_PROBLEM DESCRIPTION:_ Your task is to reproduce exactly the lines from the one containing "La Presse en" through the last line below, both ends included, and nothing else, with no pictures.
AVAILABLE DATA: Begin
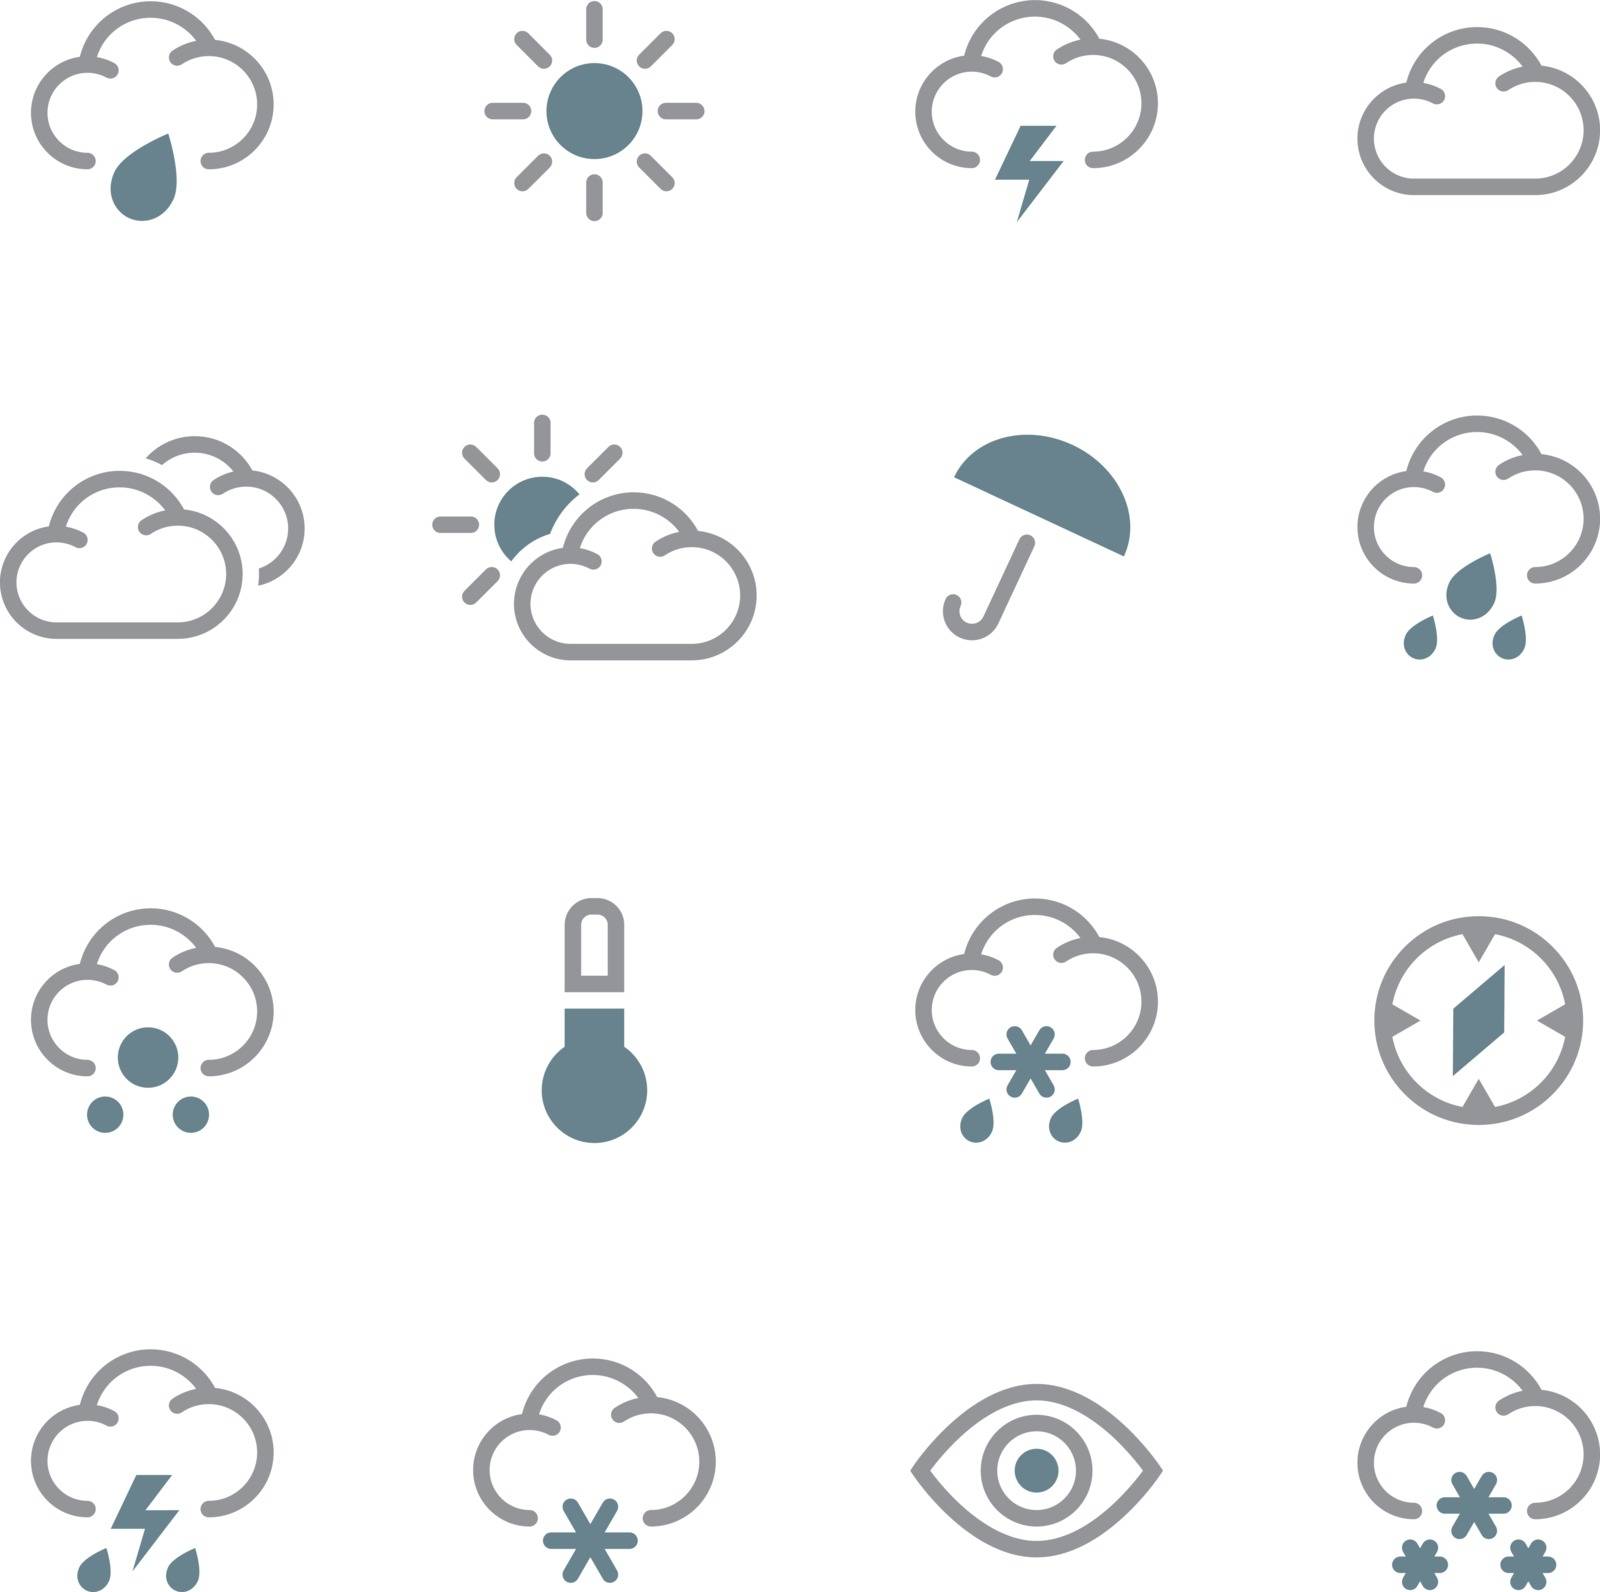 Weather forecast icons set. 
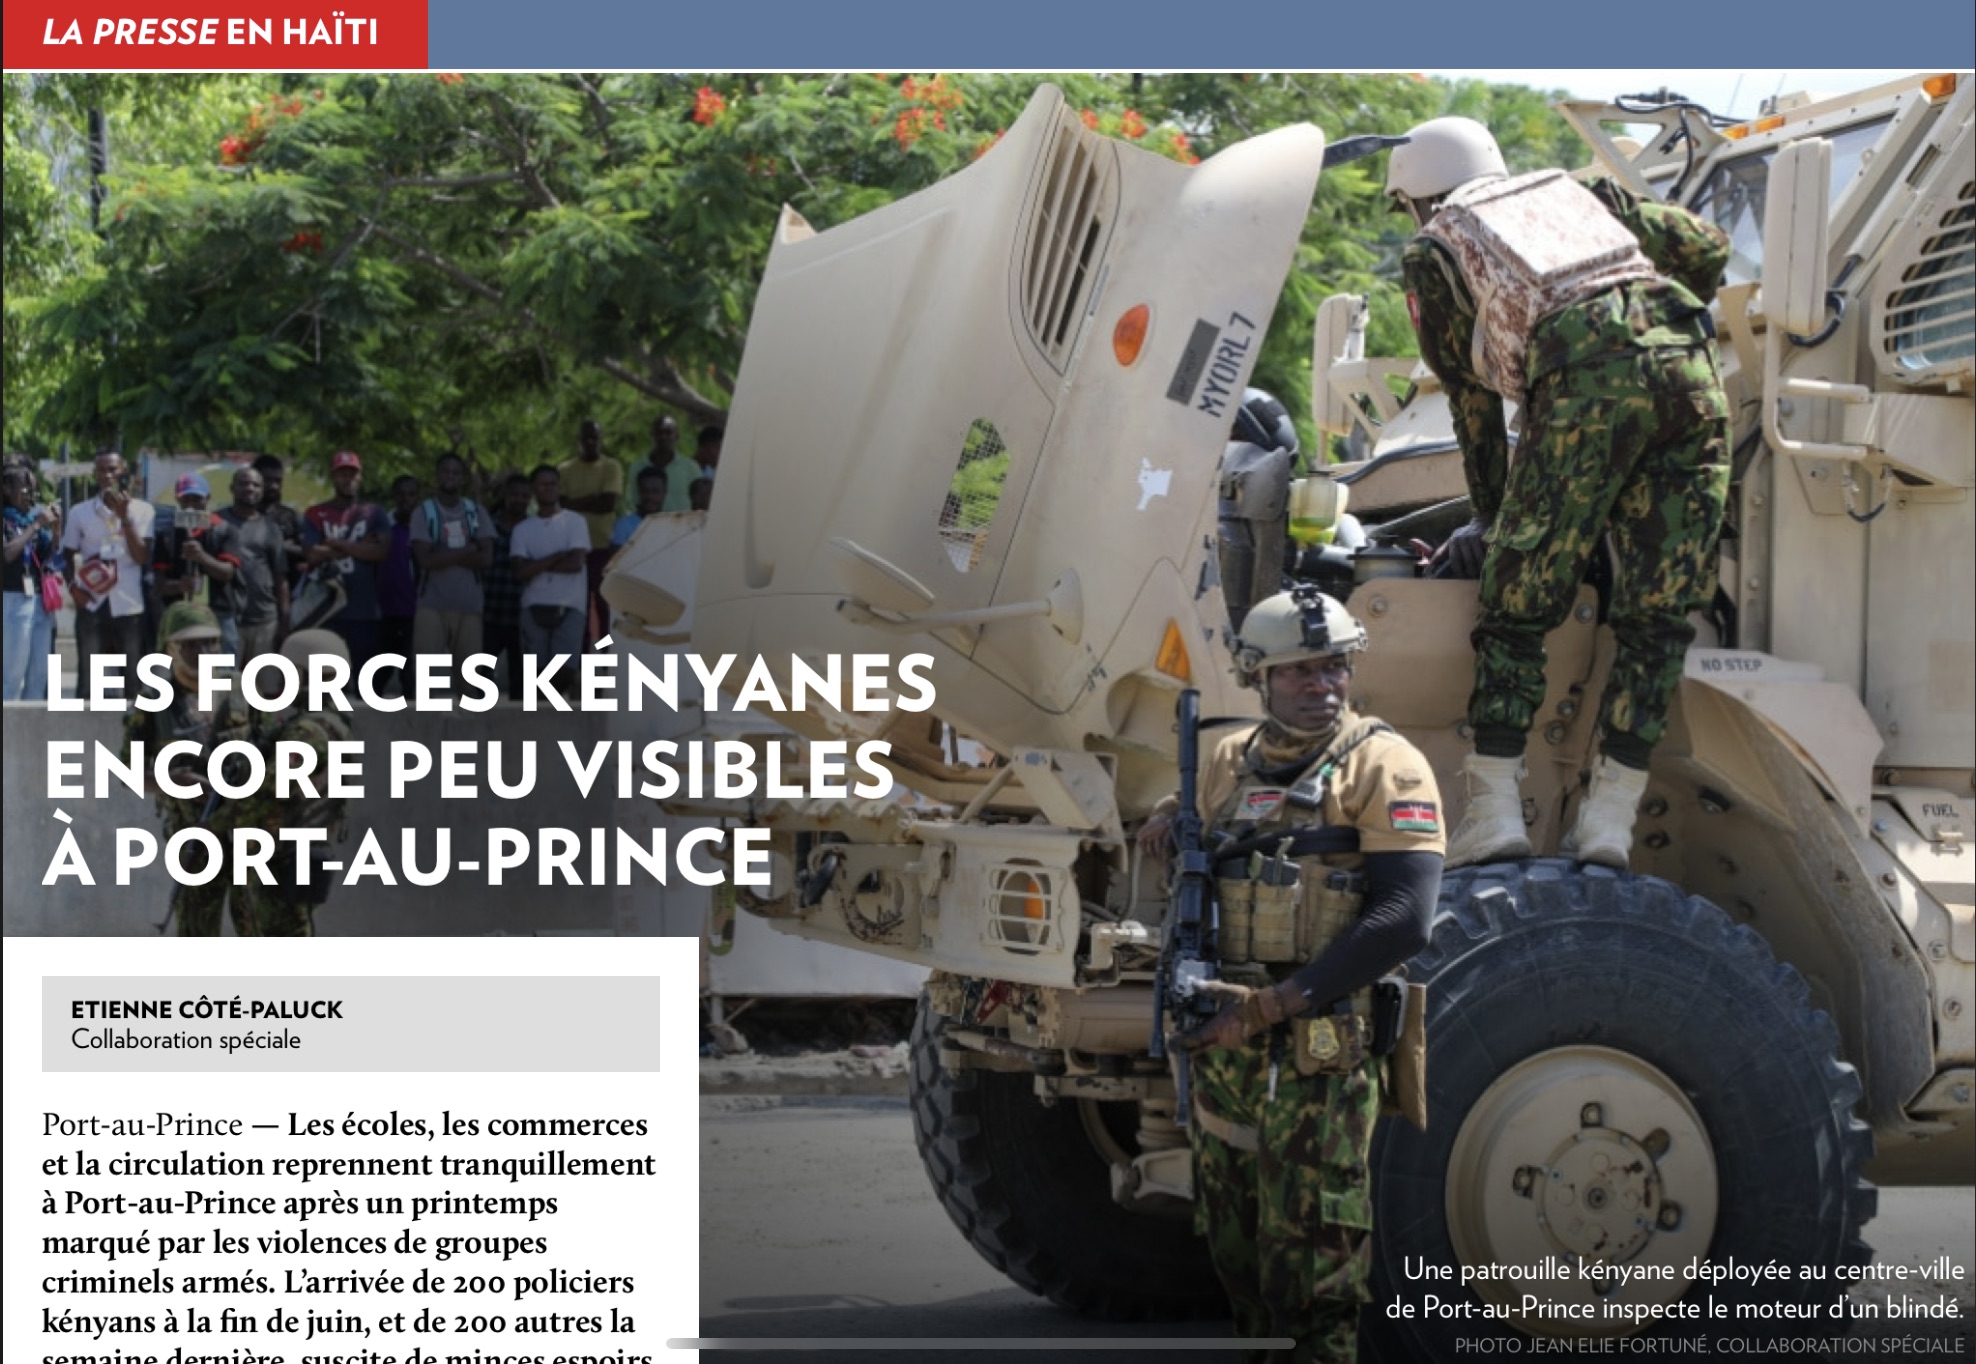 La Presse en Haïti | Les forces kényanes encore peu visibles à Port-au-Prince
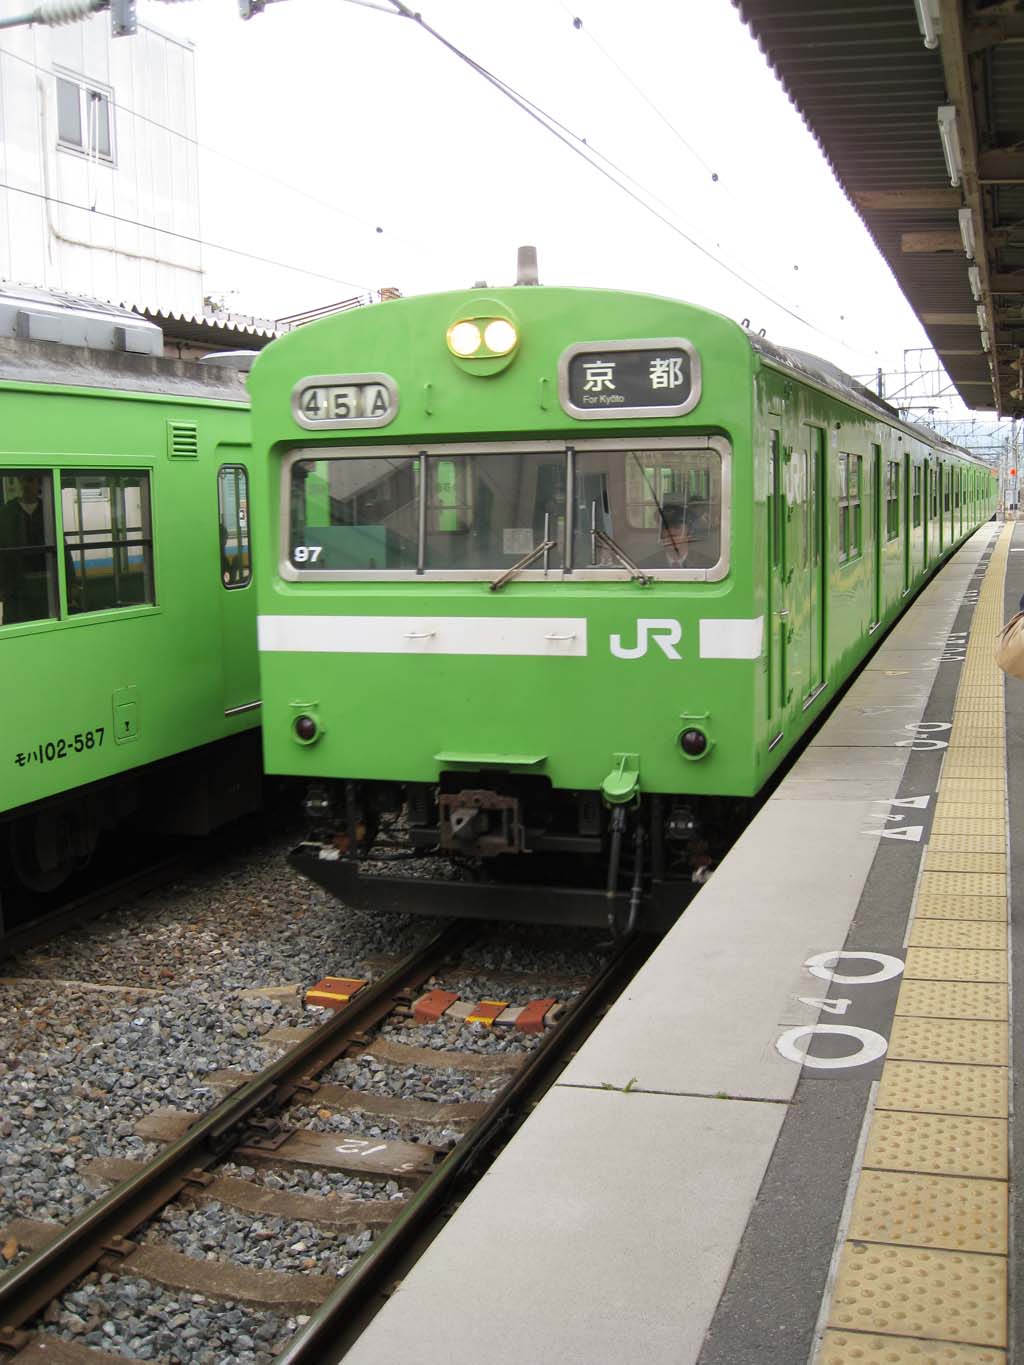 fotografia, material, livra, ajardine, imagine, proveja fotografia,JR Nara linha, plataforma, trem, Green, via frrea
AVAILABLE DATA: End
_ANSWER BOX:_
 La Presse en Haïti | Les forces kényanes encore peu visibles à Port-au-Prince
 fotografia, material, livra, ajardine, imagine, proveja fotografia,JR Nara linha, plataforma, trem, Green, via frrea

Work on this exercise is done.